## Data provided
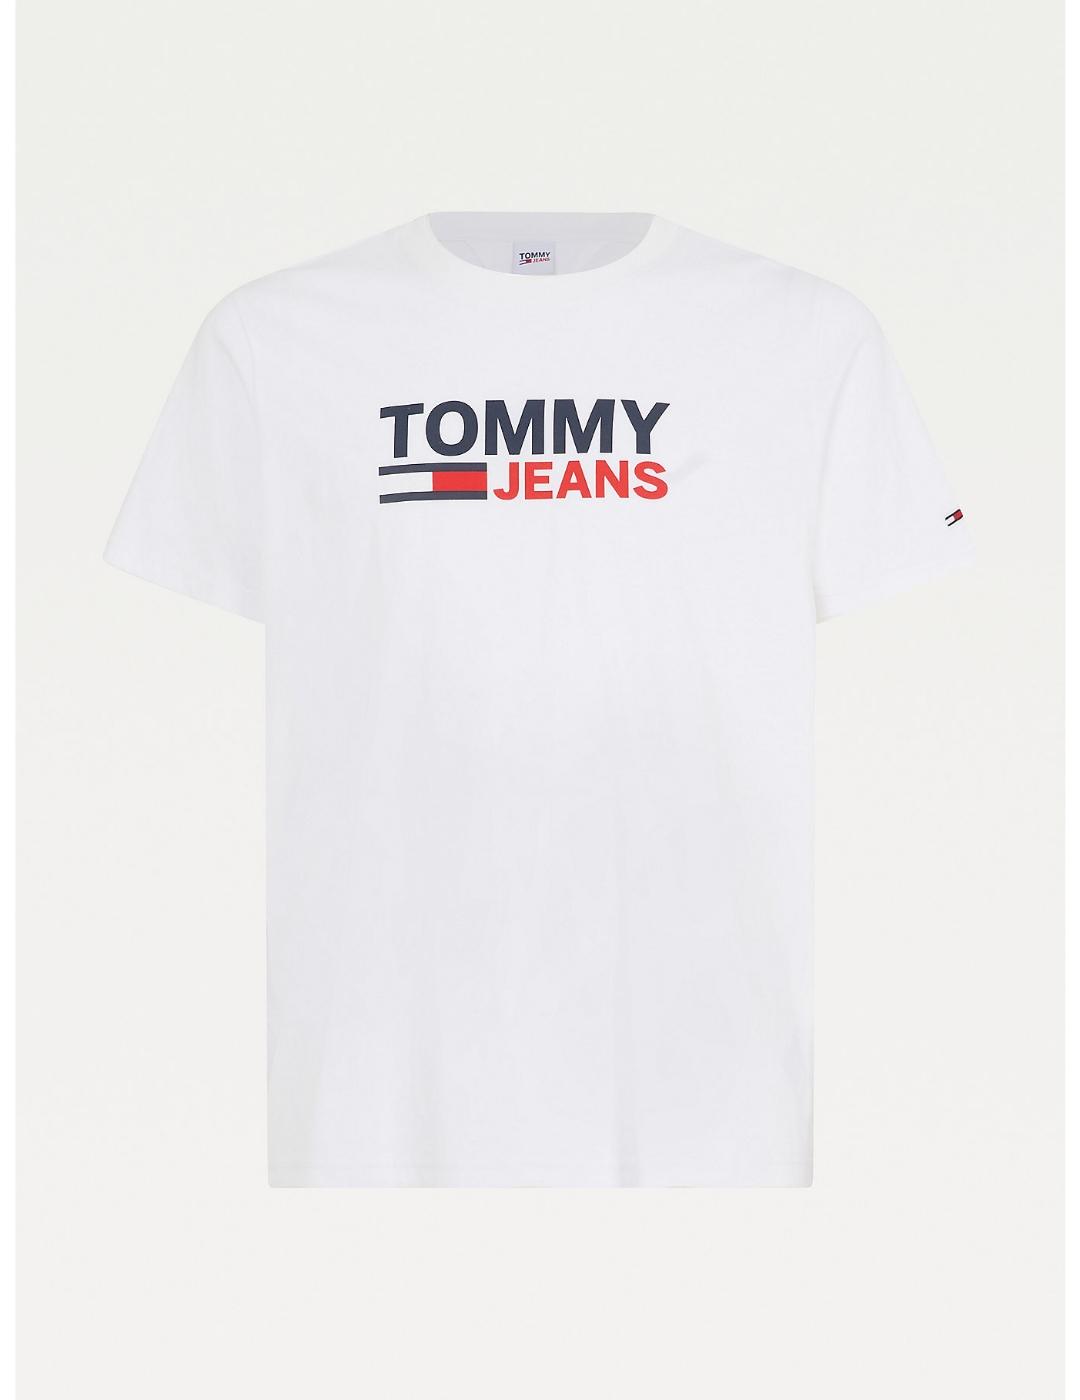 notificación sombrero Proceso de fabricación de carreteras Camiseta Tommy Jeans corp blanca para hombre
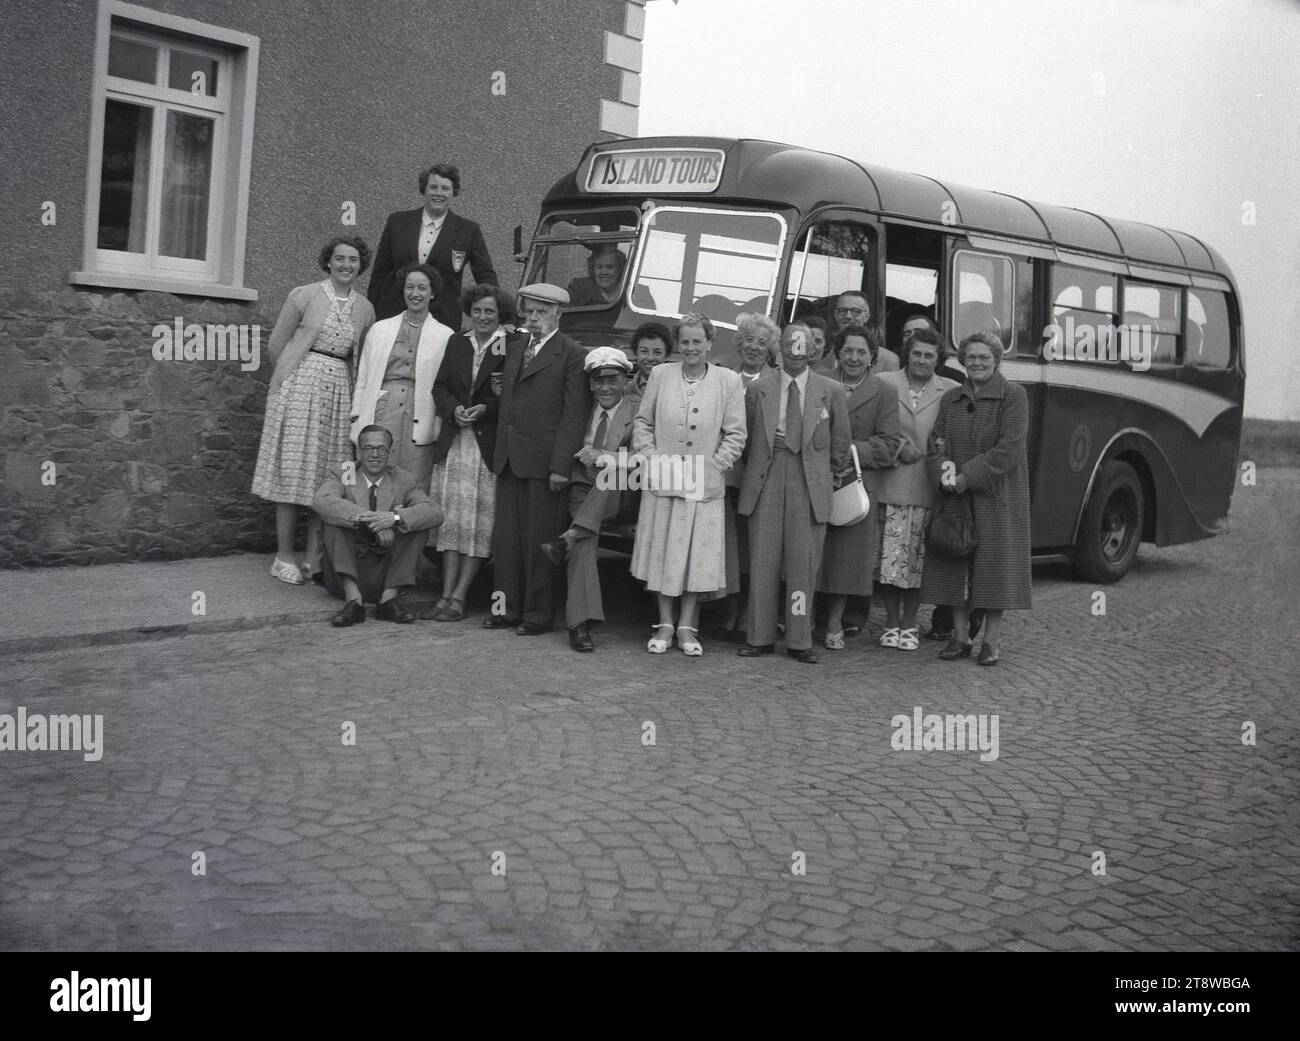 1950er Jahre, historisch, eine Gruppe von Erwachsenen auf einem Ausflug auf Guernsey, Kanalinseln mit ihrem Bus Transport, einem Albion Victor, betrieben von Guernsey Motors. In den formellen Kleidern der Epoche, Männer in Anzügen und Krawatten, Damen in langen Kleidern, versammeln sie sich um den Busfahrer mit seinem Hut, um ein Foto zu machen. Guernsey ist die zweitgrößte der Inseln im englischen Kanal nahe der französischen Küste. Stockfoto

==

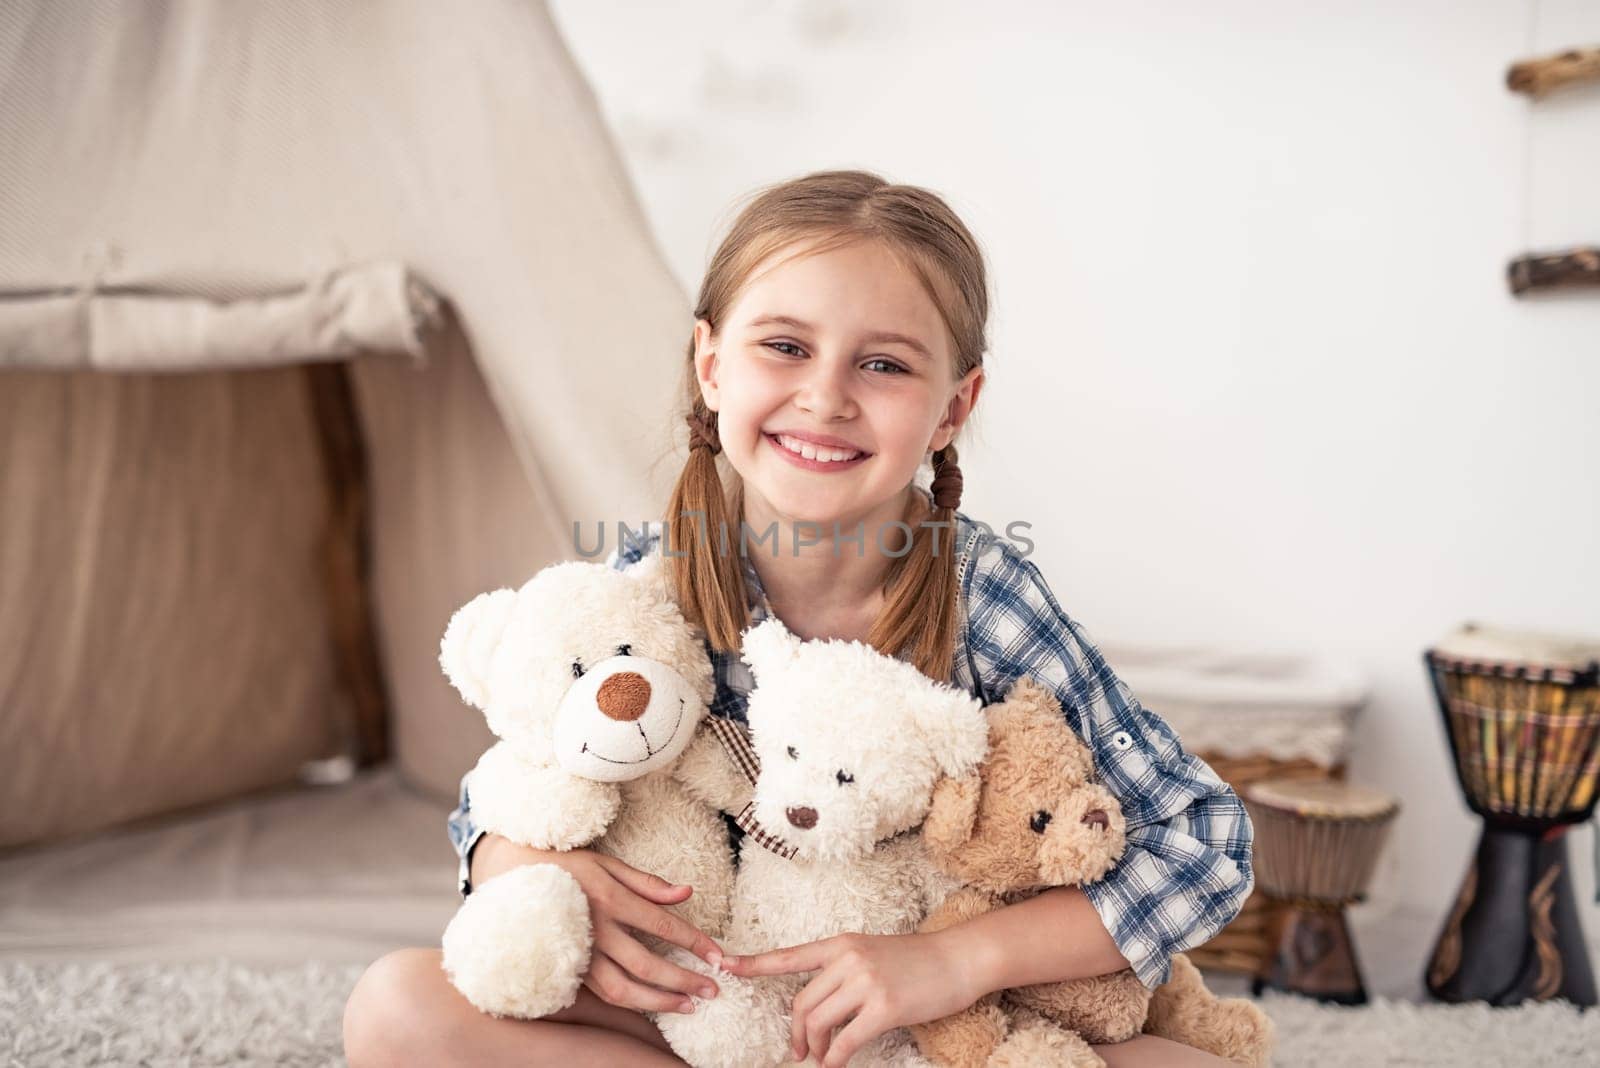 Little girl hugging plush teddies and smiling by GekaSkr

## Work to complete
Your task is to copy only the lines above starting at the one containing "notificación sombrero Proceso" and ending at the one containing "1950er Jahre, historisch, eine". Copy them exactly, both ends included, and omit the pictures.

## Result
 notificación sombrero Proceso de fabricación de carreteras Camiseta Tommy Jeans corp blanca para hombre
 1950er Jahre, historisch, eine Gruppe von Erwachsenen auf einem Ausflug auf Guernsey, Kanalinseln mit ihrem Bus Transport, einem Albion Victor, betrieben von Guernsey Motors. In den formellen Kleidern der Epoche, Männer in Anzügen und Krawatten, Damen in langen Kleidern, versammeln sie sich um den Busfahrer mit seinem Hut, um ein Foto zu machen. Guernsey ist die zweitgrößte der Inseln im englischen Kanal nahe der französischen Küste. Stockfoto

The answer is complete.